1st thing i can do: email the professor, and tell him i have no group. hopefully hell force me in some group. thats embarassing tho, but might have to do it.

2nd: email the class roster and ask if their are any spots left in any groups. i fear being ignored though.

3rd: ask people before class tomorrow, but they'll probably reject me since theyve already done the homework assignment and stuff.

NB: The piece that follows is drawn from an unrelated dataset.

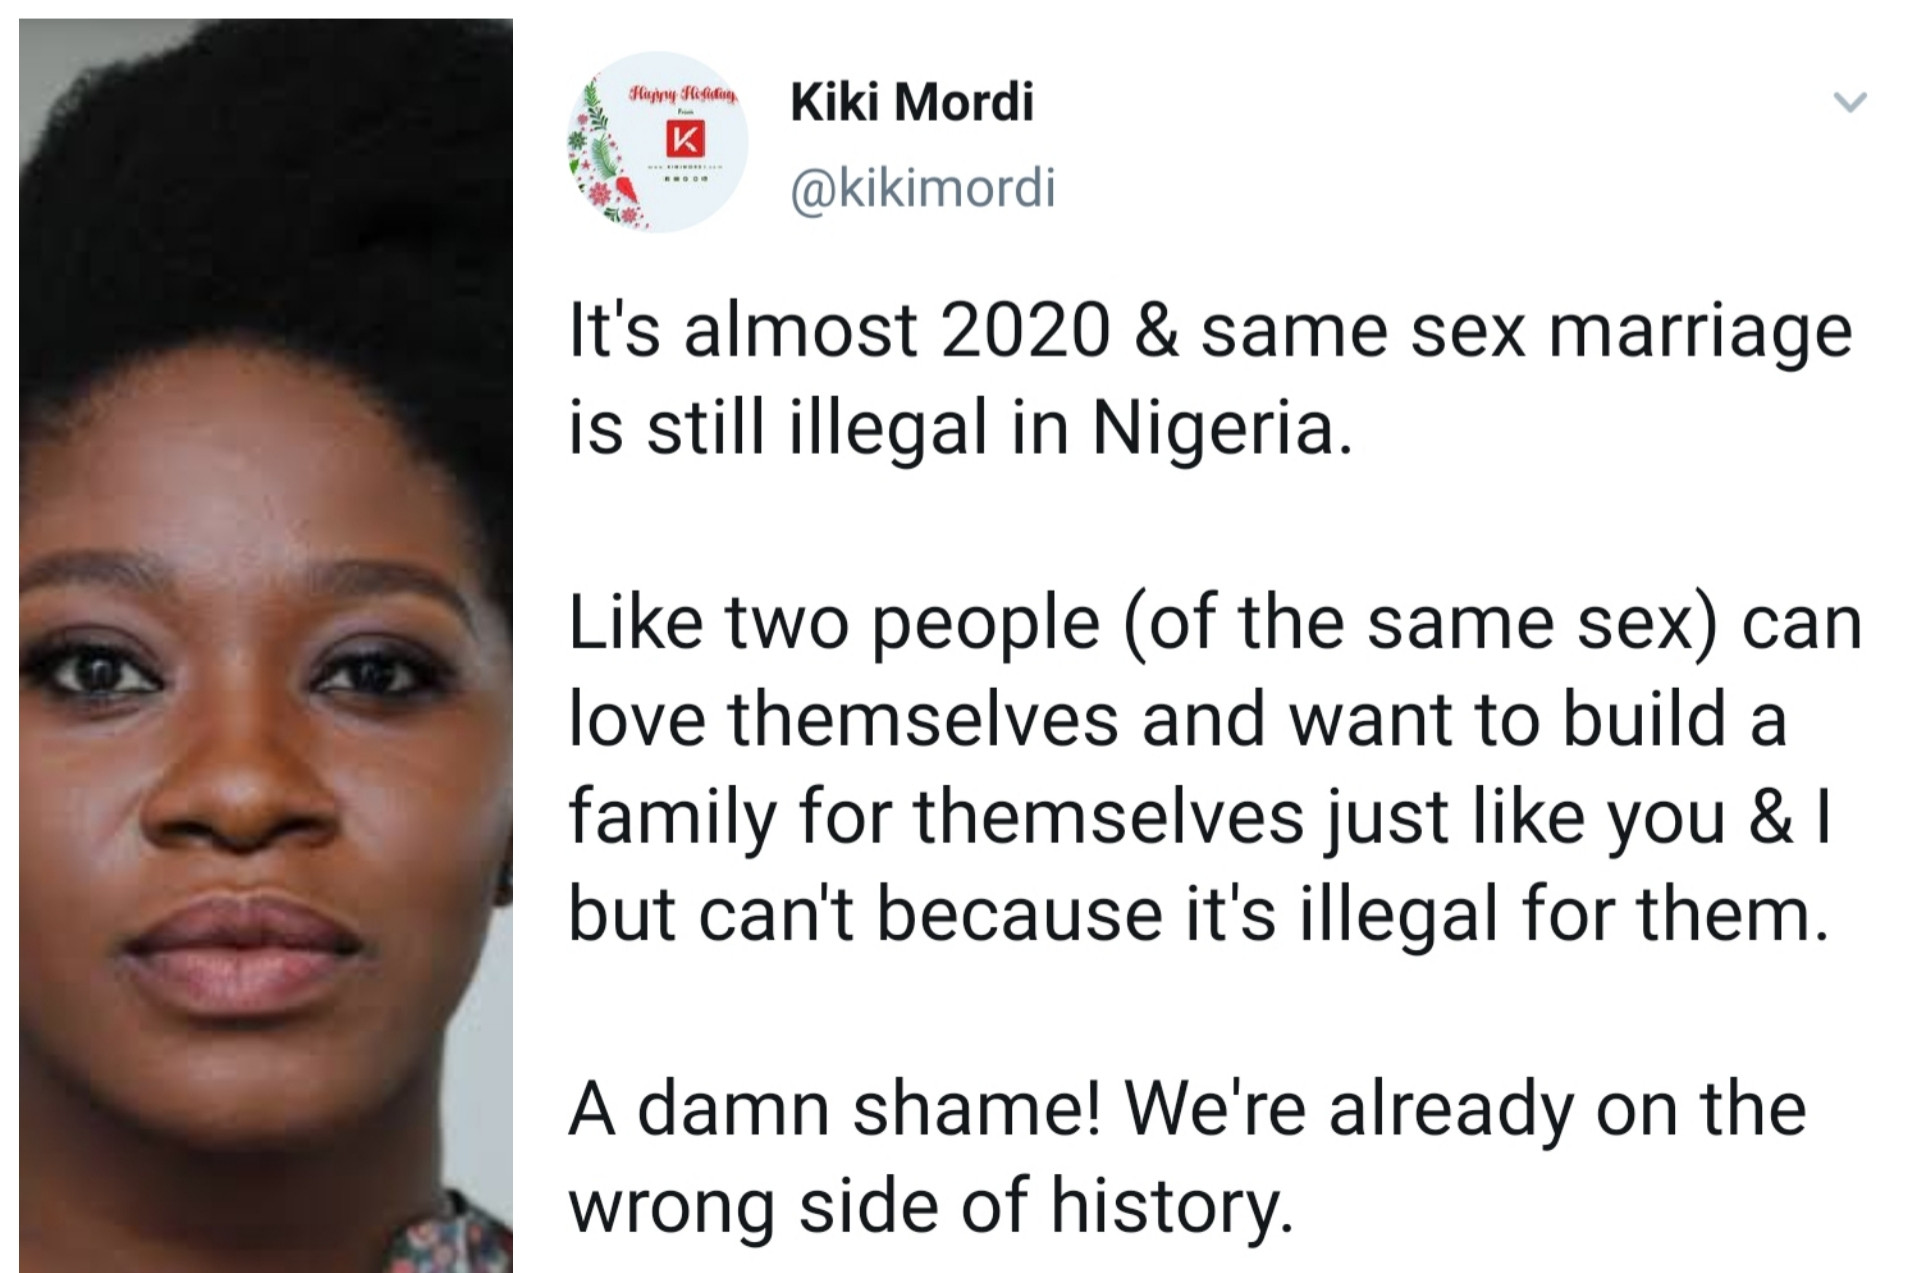 It's Shameful That Same S•x Marriage Is Still Illegal In Nigeria — Journalist Kiki Mordi
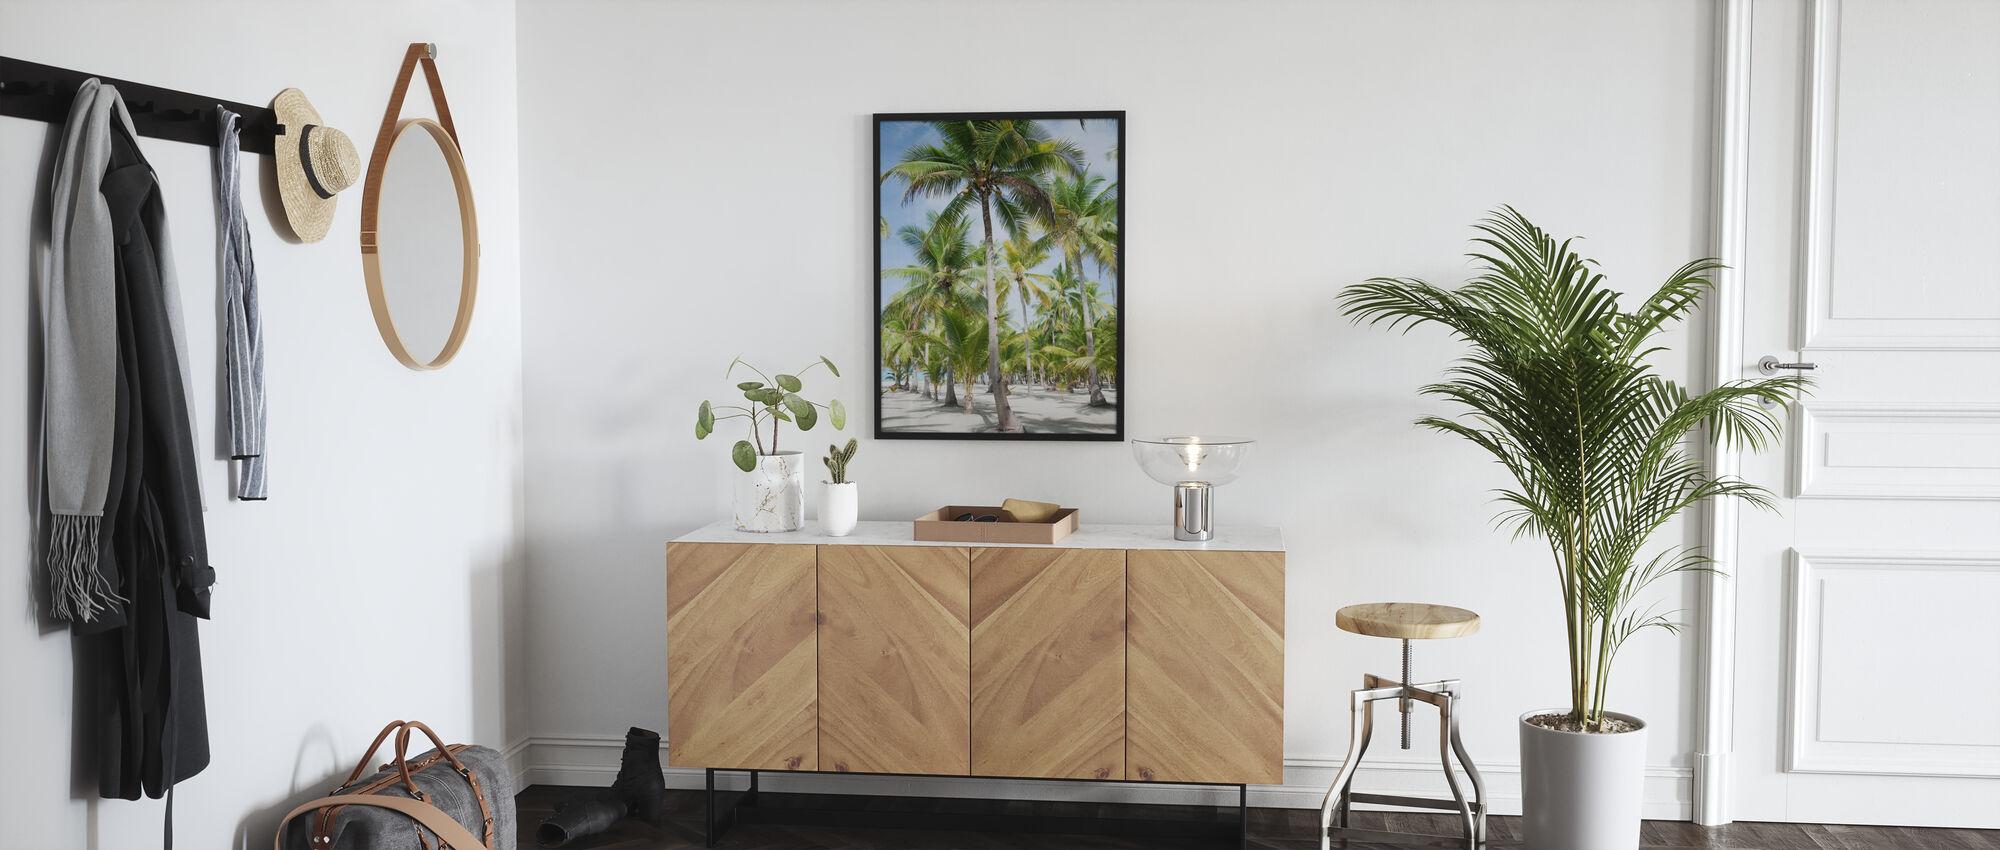 Palmen in Bohol, Phillipinen - Poster - Flur

god i feel like such a loser. this type of stuff only happens to me.


----------



## GunnyHighway (Sep 28, 2010)

To be honest I think it's better to be forced into a group rather than have your grade suffer. 
And trust me, it's not just you. I don't think I've ever been in a group by choice.


----------



## tribute311 (Apr 8, 2008)

so you think i should just email the profesor???


----------



## GunnyHighway (Sep 28, 2010)

I think it's better getting a group sooner than later. Going to the professor may turn out to be quicker and easier. Emailing the whole roster may work as well, but who knows what kind of response you'd get from that.


----------



## tribute311 (Apr 8, 2008)

Yeah i see your point. I want to email the professor. It will be embarassing though, because he doesn't know the groups yet, so he'll most likely announce it in class and force some group to take me.

Despite that, you are probably right. At least, I will have a group...


----------



## nycdude (Mar 20, 2010)

tribute311 said:


> Yeah i see your point. I want to email the professor. It will be embarassing though, because he doesn't know the groups yet, so he'll most likely announce it in class and force some group to take me.
> 
> Despite that, you are probably right. At least, I will have a group...


I agree, go with the 1st option.


----------